### What to work on
Exclude the images, then return every line below exactly as written.

### Raw data
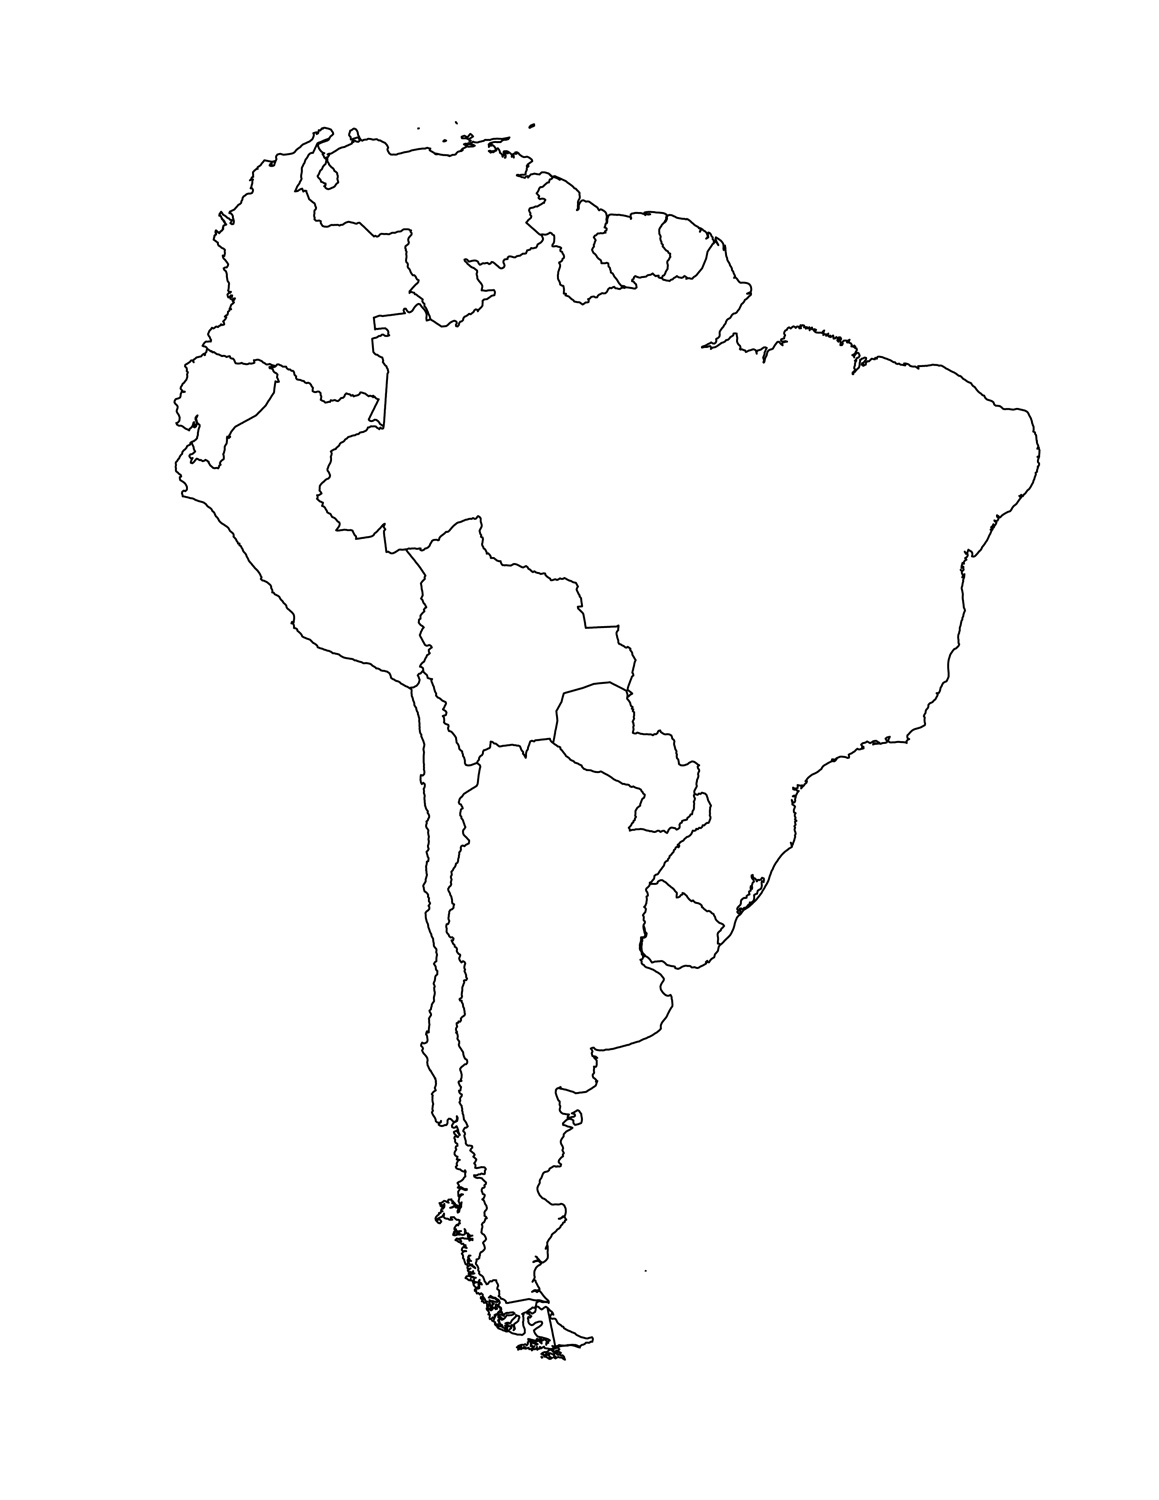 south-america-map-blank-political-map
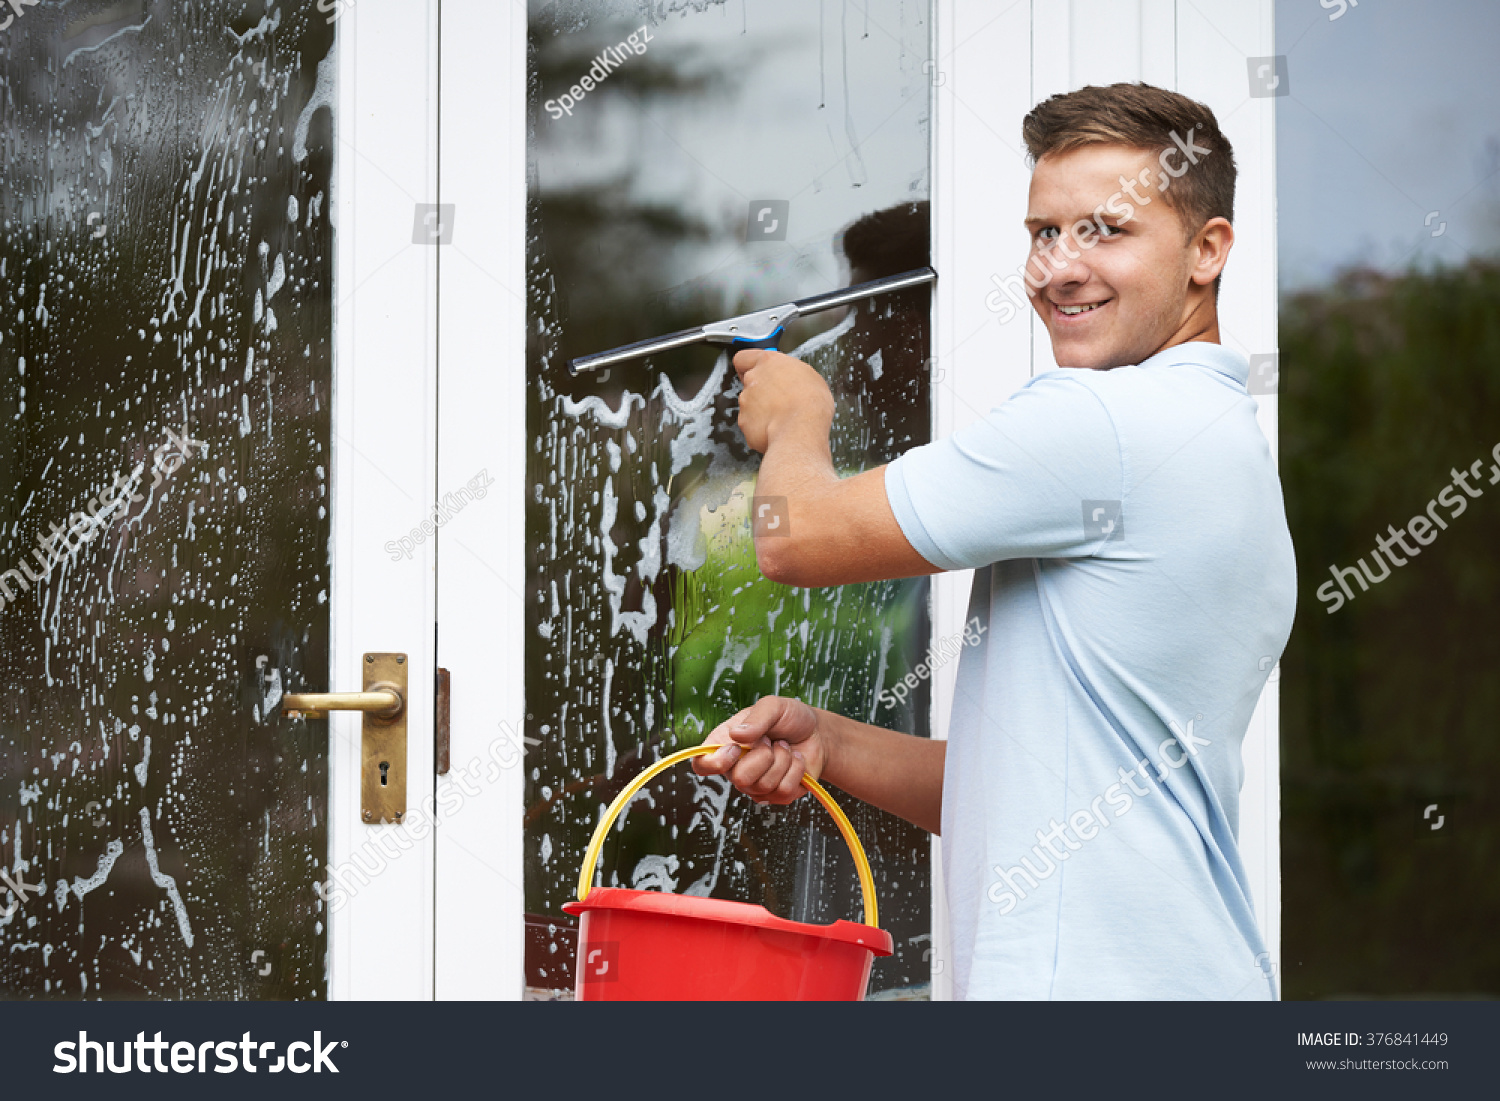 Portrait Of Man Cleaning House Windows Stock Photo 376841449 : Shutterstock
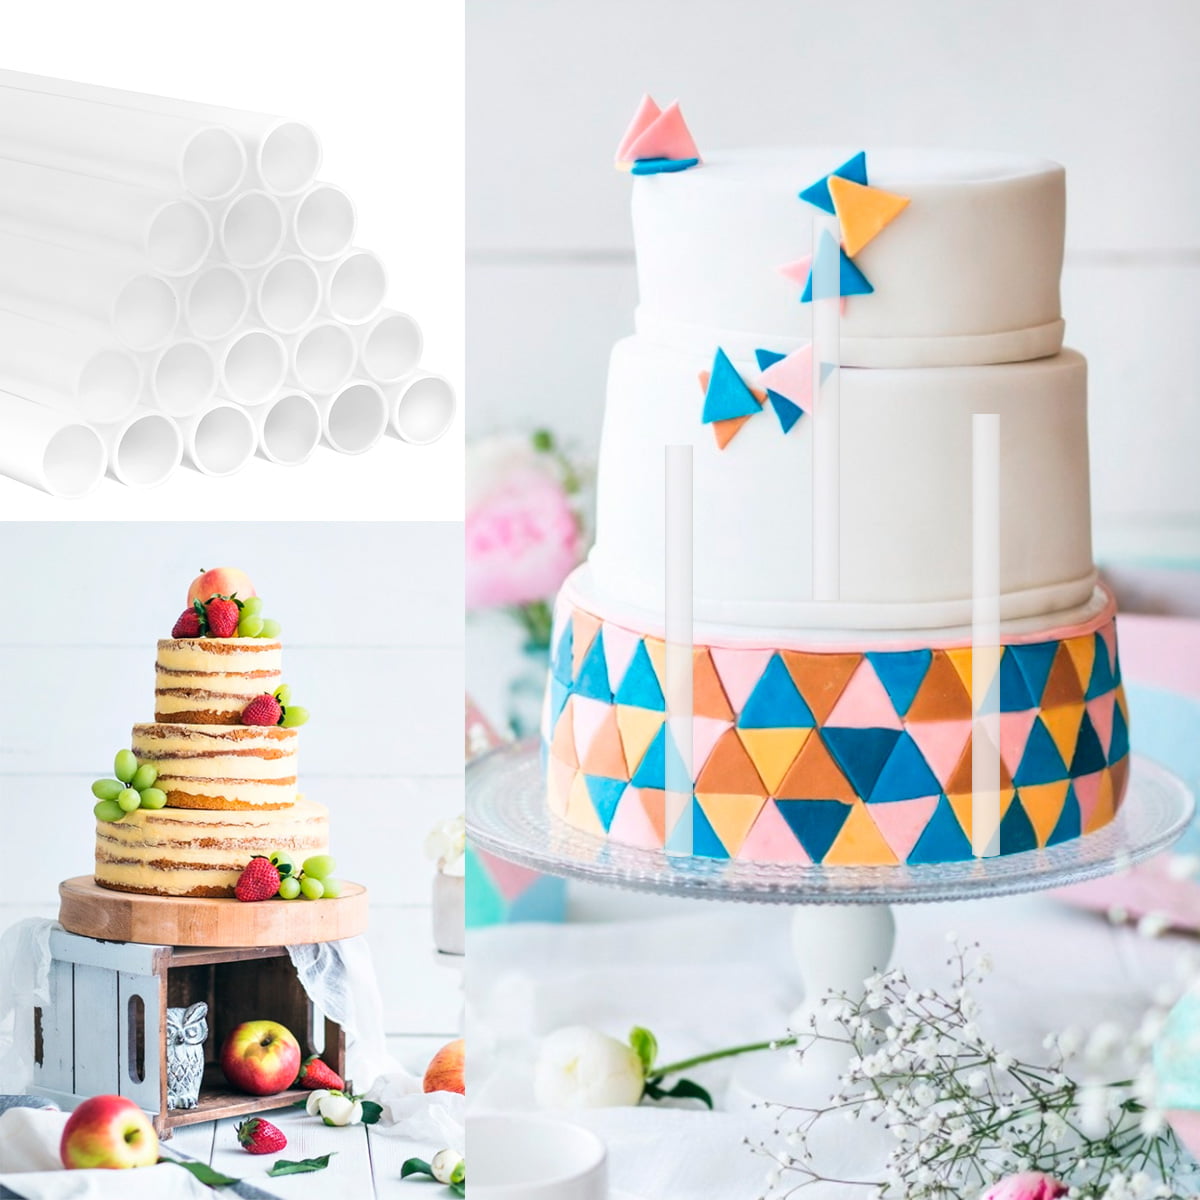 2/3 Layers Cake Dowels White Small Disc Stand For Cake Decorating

### Task answer
 south-america-map-blank-political-map
 Portrait Of Man Cleaning House Windows Stock Photo 376841449 : Shutterstock
 2/3 Layers Cake Dowels White Small Disc Stand For Cake Decorating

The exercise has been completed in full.